Rather than training separate models for Swedish, Norwegian, Danish and Icelandic [1][2][3], we could probably produce a better model by pretraining a Scandinavian model and then finetuning to one of the four, considering how similar the four languages are (in its written form that is, cough cough Danish).
We can train a RoBERTa-large model on the combined mC4 dataset, containing 386 GB uncompressed text (179 GB Swedish, 107 GB Danish and 100 GB Norwegian). Furthermore, there are gigaword datasets in both Swedish, Danish and Icelandic that we could use. As suggested in [1], we could start training the model with a sequence length of 128, then 256 and lastly 512.
2. Language
The model will be trained in Swedish, Danish, Norwegian and Icelandic.
3. Model
RoBERTa-large
4. Datasets
Swedish:
mC4 (179 GB)
Gigaword [4] (~9 GB compressed)
Danish
mC4 (107 GB)
Gigaword [5] (~2 GB compressed)
Norwegian
mC4 (100 GB)
Icelandic
mC4 (9 GB)
Gigaword [6] (~14 GB compressed)
5. Training scripts
There are already Flax scripts to pre-train RoBERTa that we can easily use:
Great idea! This will be super helpful for Scandinavian SMEs which often operate across Nordic country borders and want to support multiple Scandinavian languages.

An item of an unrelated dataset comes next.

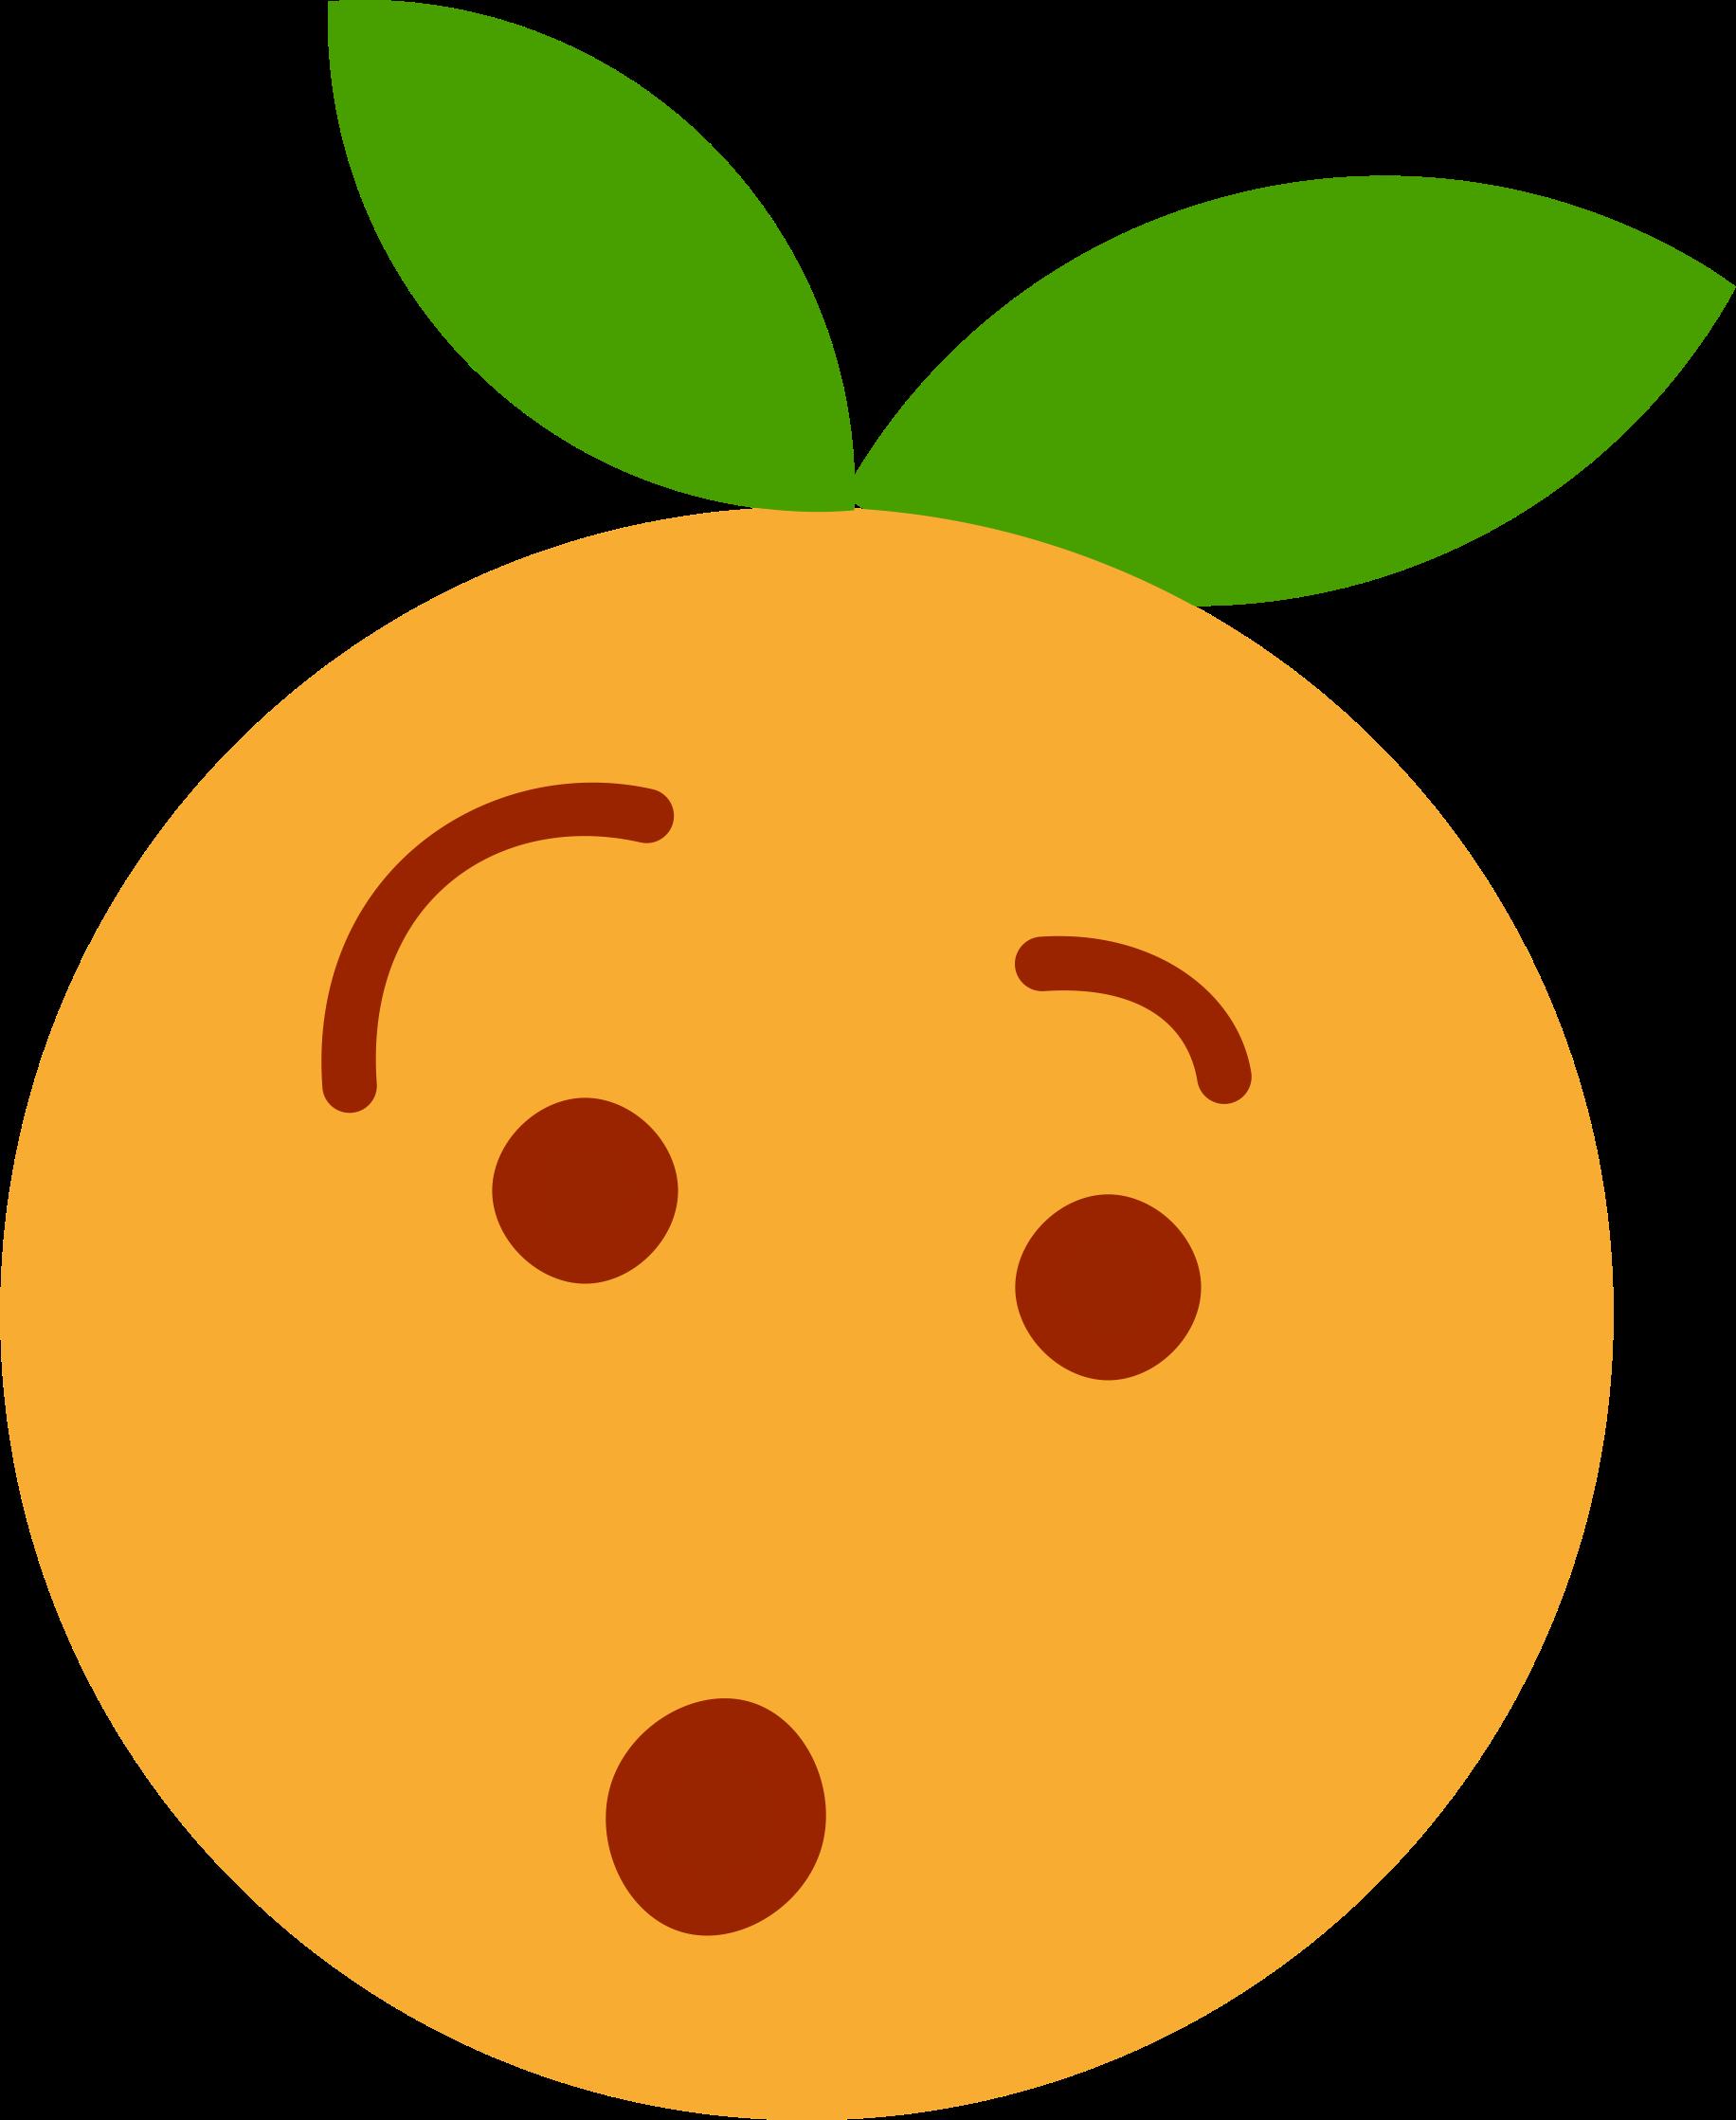 Fruit clipart smiley. Clem euh big image

Great idea. There are a few other dataset resources as well here, like the Wikipedia dumps and some Reddit/Twitter datasets that might increase the variety/quality of the data. I do however think training a large RoBERTa on a v3-8 is not realistic. Memory limitations will force the batch size will be too small, even on the 128 sequences. Using a base-model architecture will probably lead to a better result.
And the tokenizer is ByteLevelBPETokenizer and not WordPiece so I have very little to add =D
As I understand byte pair this is clever because we have very common spelling substitutions between languages e.g. s/c, æ/ä, ø/ö, and å/aa.

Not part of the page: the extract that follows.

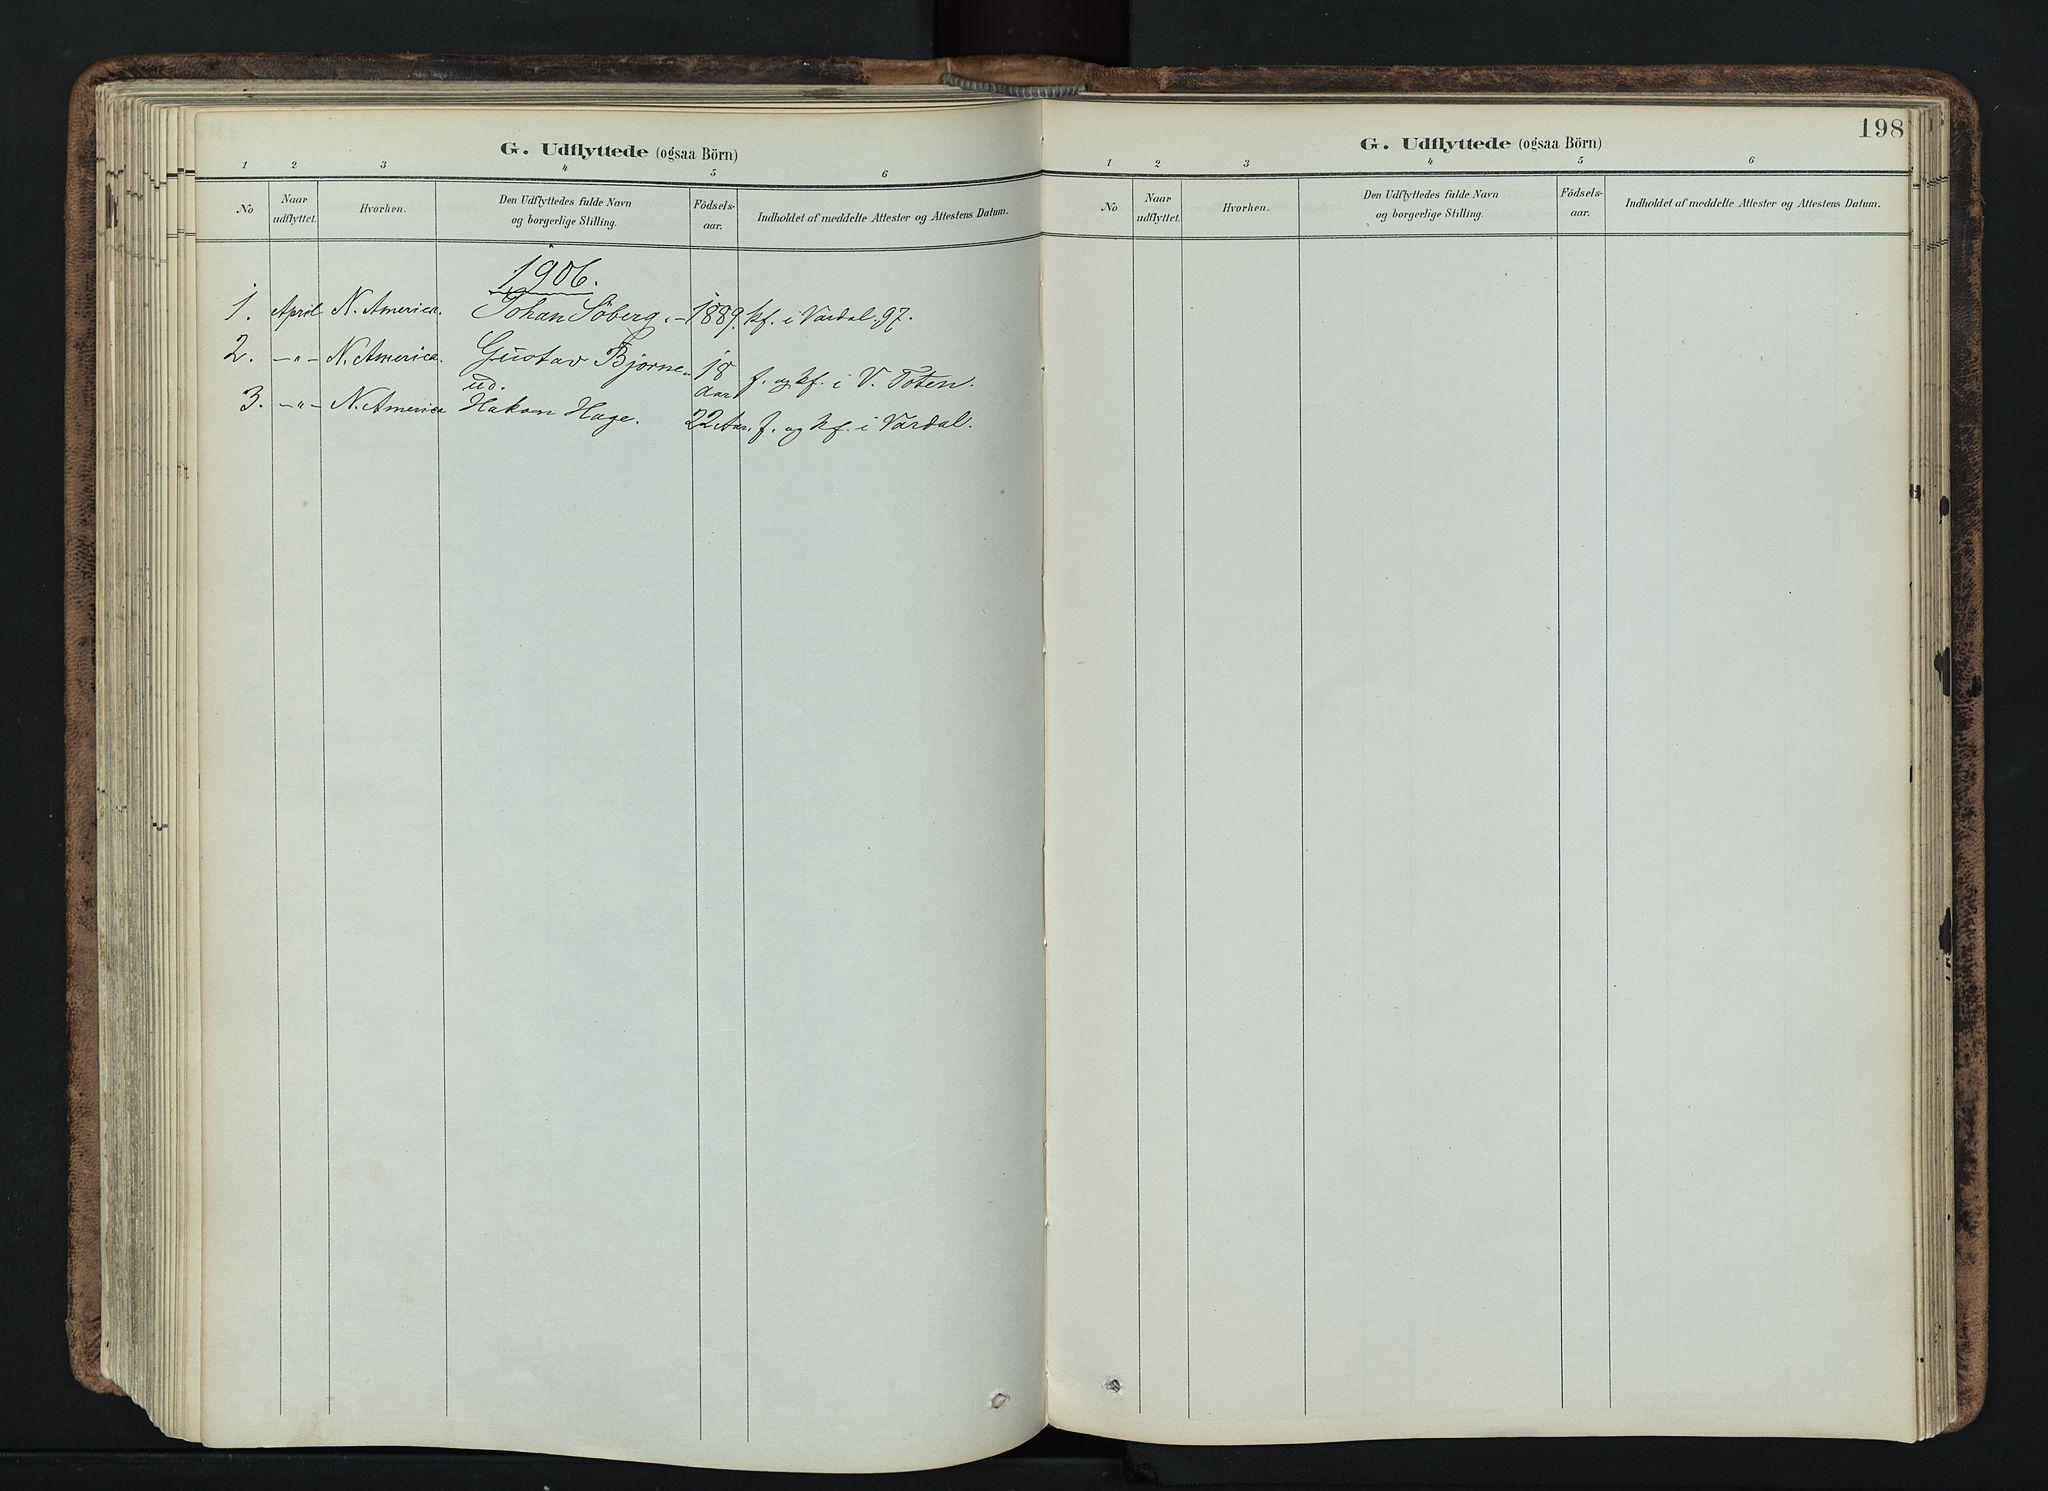 SAH, Vardal prestekontor, H/Ha/Haa/L0019: Ministerialbok nr. 19, 1893-1907, s. 198

With regard to model size there’s obviously some benefits from multiples of 8 (or 32) but could you maybe also take graphics cards RAM sizes into account? Something that can sit comfortably on 8 GB and 12 GB would play pretty well with the current (30) and previous generation of Nvidia cards (too bad for my 2080 Ti with 11 GB).
And do you have anything planned to figure out if Icelandic will actually benefit from this? It might be too small a data set and too different a language?
I am joining this project but do also initiate a project trying to use T5 for translating between Norwegian Bokmål and Norwegian Nynorsk (Model to translate between Norwegian Bokmål and Norwegian Nynorsk). There might be some overlaps here, at least since we can some of the same corpus. If anyone in addition also want to also work on a Scandinavian Seq2seq model, show your interest in that thread. (Unfortunately I do not think a Scandinavian parallell corpus exists…)
As Patrick mentioned above, this project is going to happen!
I’ve set up a repository with a preliminary template here. This includes training scripts and such, and in the readme I’ve included some helpful links related to our project and to the community week in general.
I intended to include Faroese, but the data is just so scarce. I mean, we might be able to include it, but it seems like there is less than 1GB of data, so I’m guessing it won’t be performing that well. But we could try! Considering the similarity between Faroese and Icelandic (from what I’ve heard), the model might be decent for Faroese as well
We’re thinking about meeting up (virtually) to say hi to each other and also do some initial planning: what needs to be done, who wants to do what, and so on. What times are you available?